# Our First Dedicated Theater Room



## Jeff Aguilar (Apr 11, 2006)

Been a while since I have posted. But, since we are now having our home built, I can share about our plans for a new theater. We have figured a bunch of stuff out, but there is sooo much more that I haven't even considered yet.

A little over a year ago, we sold our house in the hopes of having another one built. I sell homes for a living, in fact, I sell new construction homes most often. The last home we had built, we had a wonderful family room/home theater area that was a lot of fun to watch movies in.
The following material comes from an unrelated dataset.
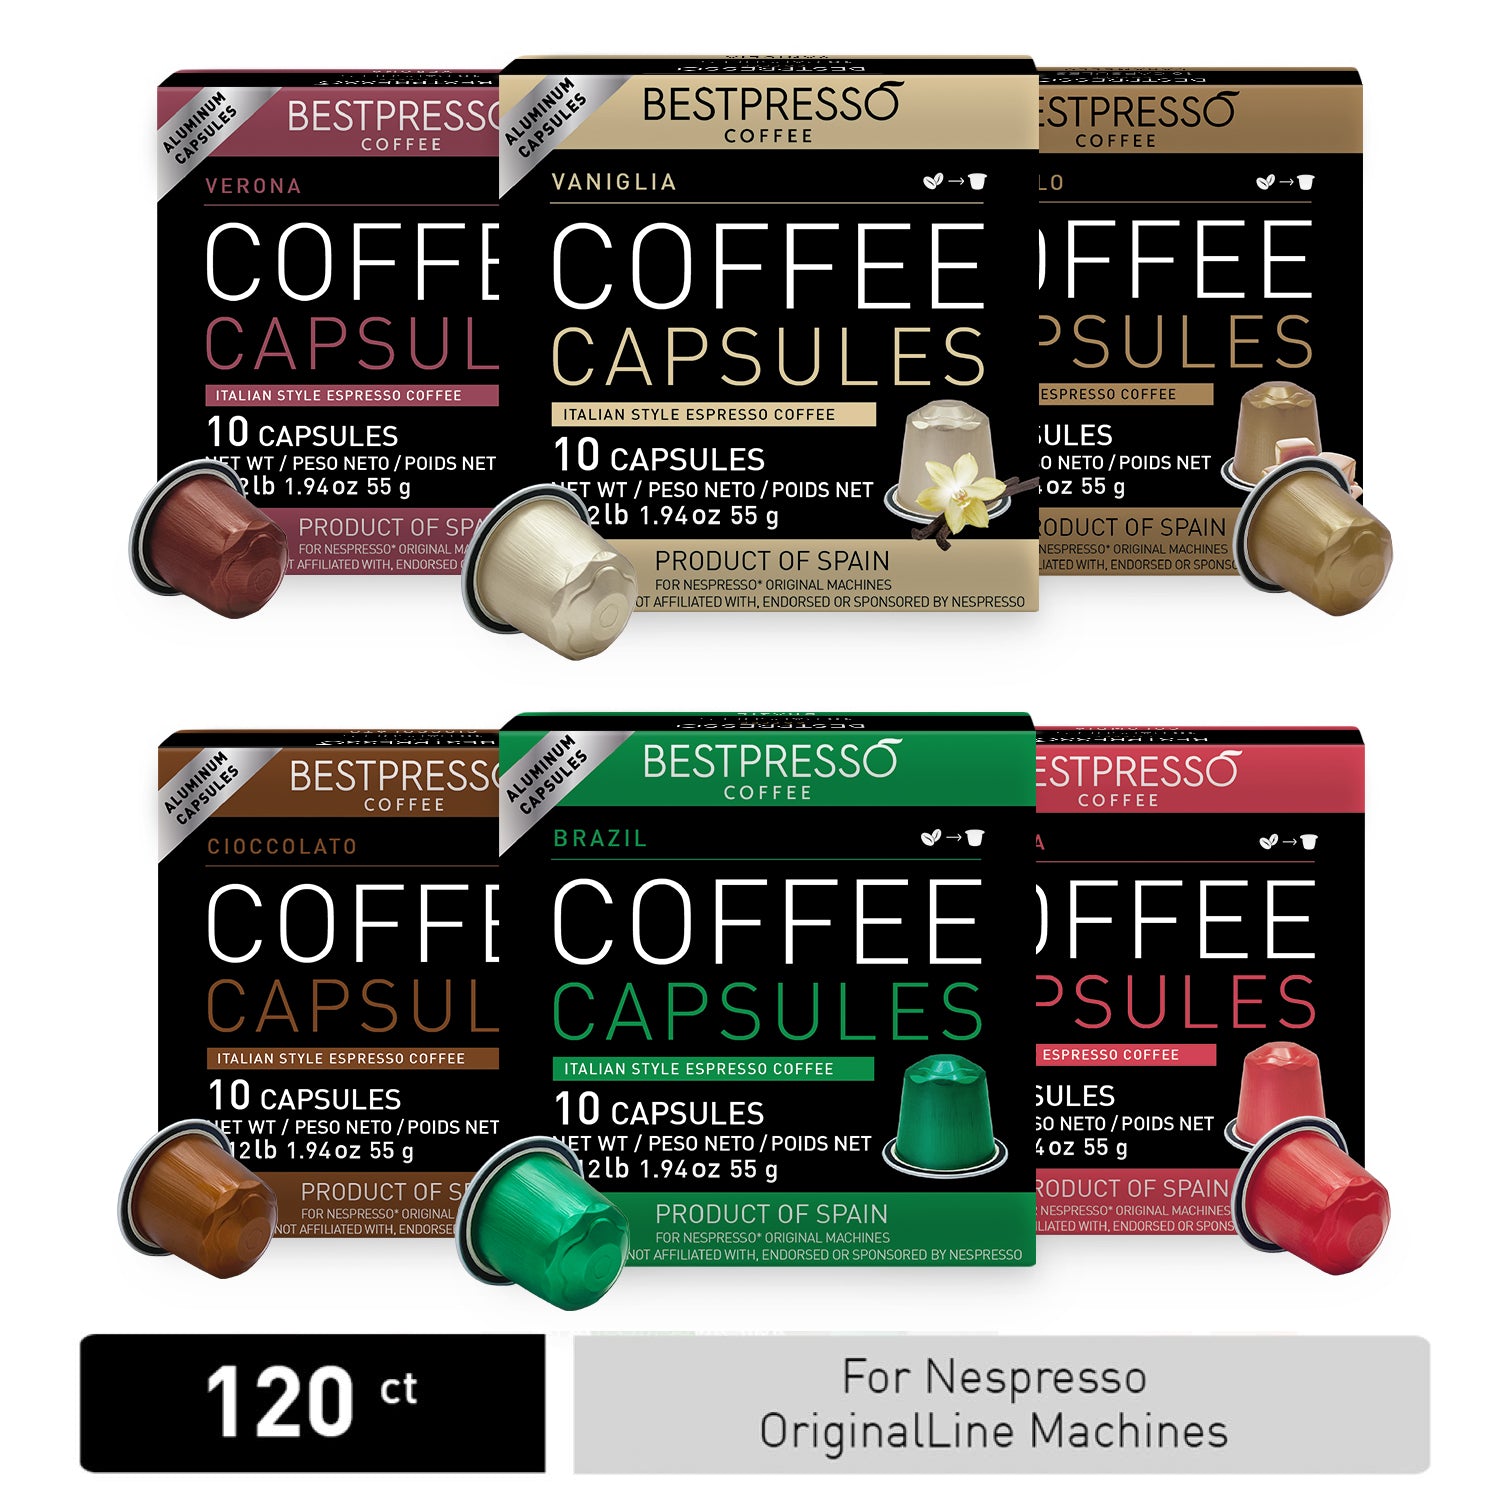 Flavored & Intense Variety - Bestpresso.com

But, after visiting with Erik Farstad and seeing his dedicated home theater room down in his basement, I hoped that one day we could do something like that.

Here is what we used to have fo a home theater...










Like I said, this worked out really well, but after going over to Erik's and watching a projector, I was JEALOUS!! :hissyfit:

The big problem is where we live, Washington State, they do not build homes with basements very often. The water table is to high. You have to be on a hillside to get a basement or it ends up wet all the time. Unless you build a custom home or a very expensive home, a basement is just not an option.

The builder that I am selling homes for had two different neighborhoods that could take a daylight basement. I chose the development that was closest to work. There was only one lot in this neighborhood that could take a basement, so I jumped on it - LAST YEAR. It has finally started construction.

I'll attach some floorplans of the basement real soon.

Jeff Aguilar


----------



## Sonnie (Apr 11, 2006)

Hey Jeff... :wave: ... great to see you back around... :T

I'm looking forward to following your project. 

Those ML's look sweet!


----------